Data records:
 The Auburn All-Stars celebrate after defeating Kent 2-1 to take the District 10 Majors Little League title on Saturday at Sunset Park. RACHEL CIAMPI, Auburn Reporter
--
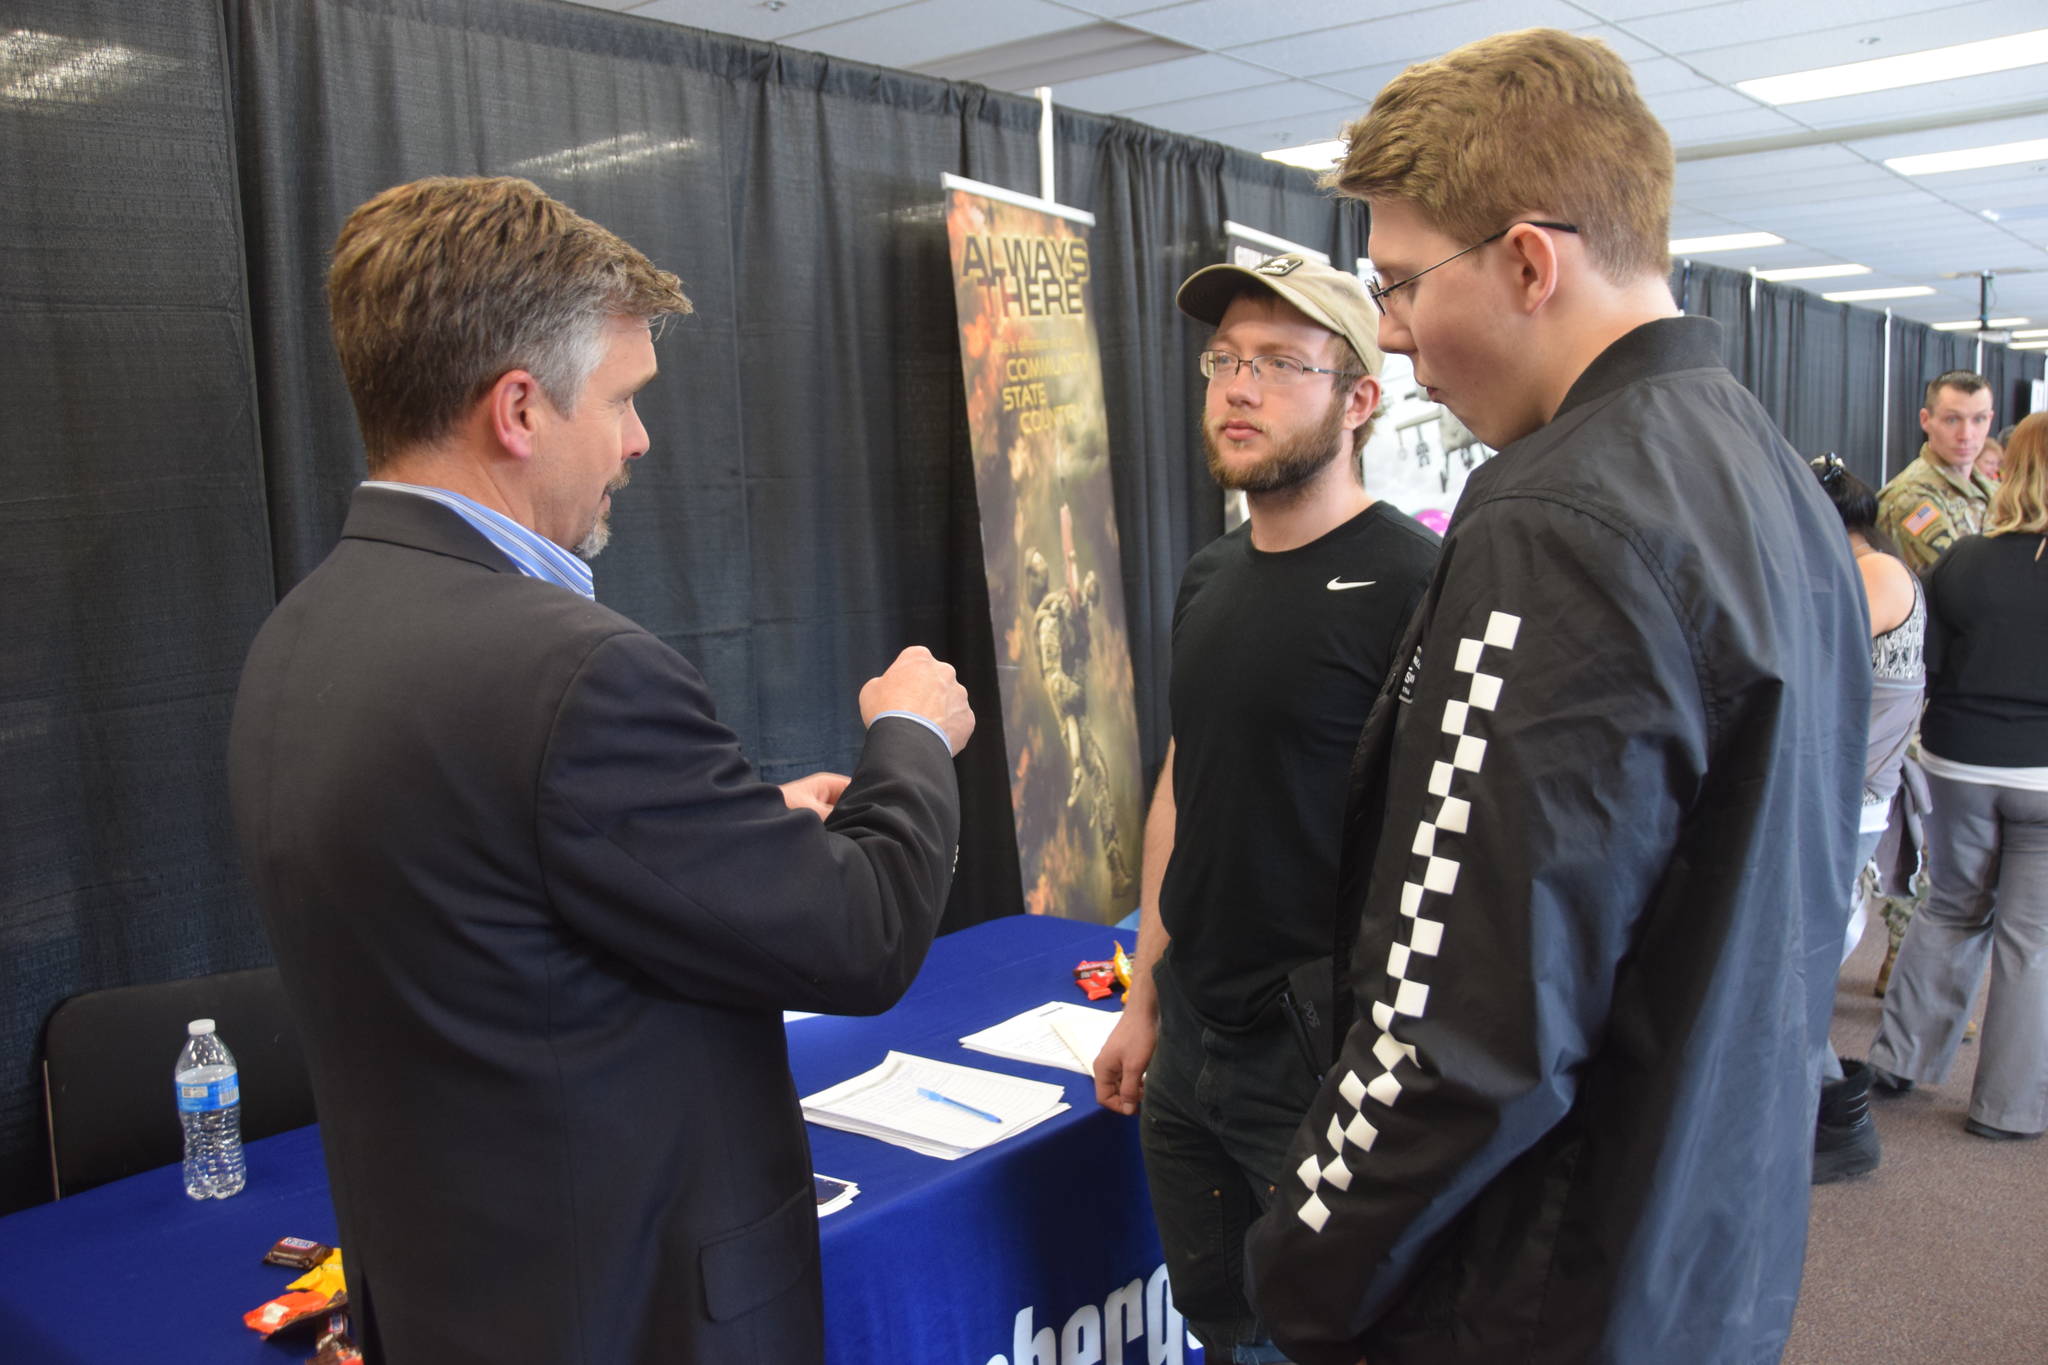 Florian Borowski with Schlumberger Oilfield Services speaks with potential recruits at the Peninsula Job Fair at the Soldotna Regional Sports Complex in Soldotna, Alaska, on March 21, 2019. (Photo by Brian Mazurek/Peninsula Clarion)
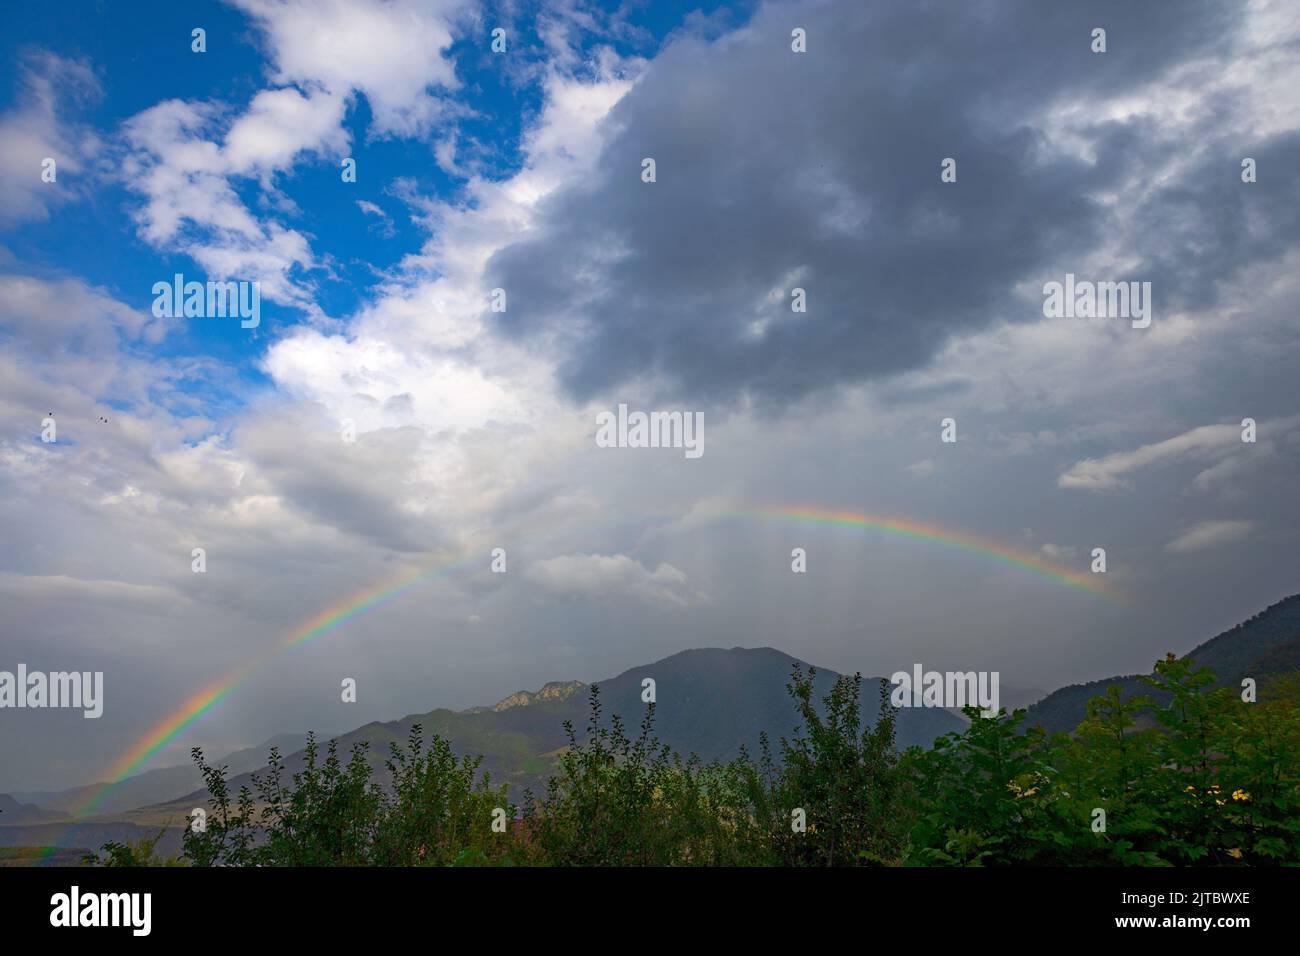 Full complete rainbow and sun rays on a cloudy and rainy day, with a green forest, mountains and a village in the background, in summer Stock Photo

Task description: Copy the lines above between the one holding "Florian Borowski with" and the one holding "Full complete rainbow", inclusive. Drop the pictures.

Your solution:
 Florian Borowski with Schlumberger Oilfield Services speaks with potential recruits at the Peninsula Job Fair at the Soldotna Regional Sports Complex in Soldotna, Alaska, on March 21, 2019. (Photo by Brian Mazurek/Peninsula Clarion)
 Full complete rainbow and sun rays on a cloudy and rainy day, with a green forest, mountains and a village in the background, in summer Stock Photo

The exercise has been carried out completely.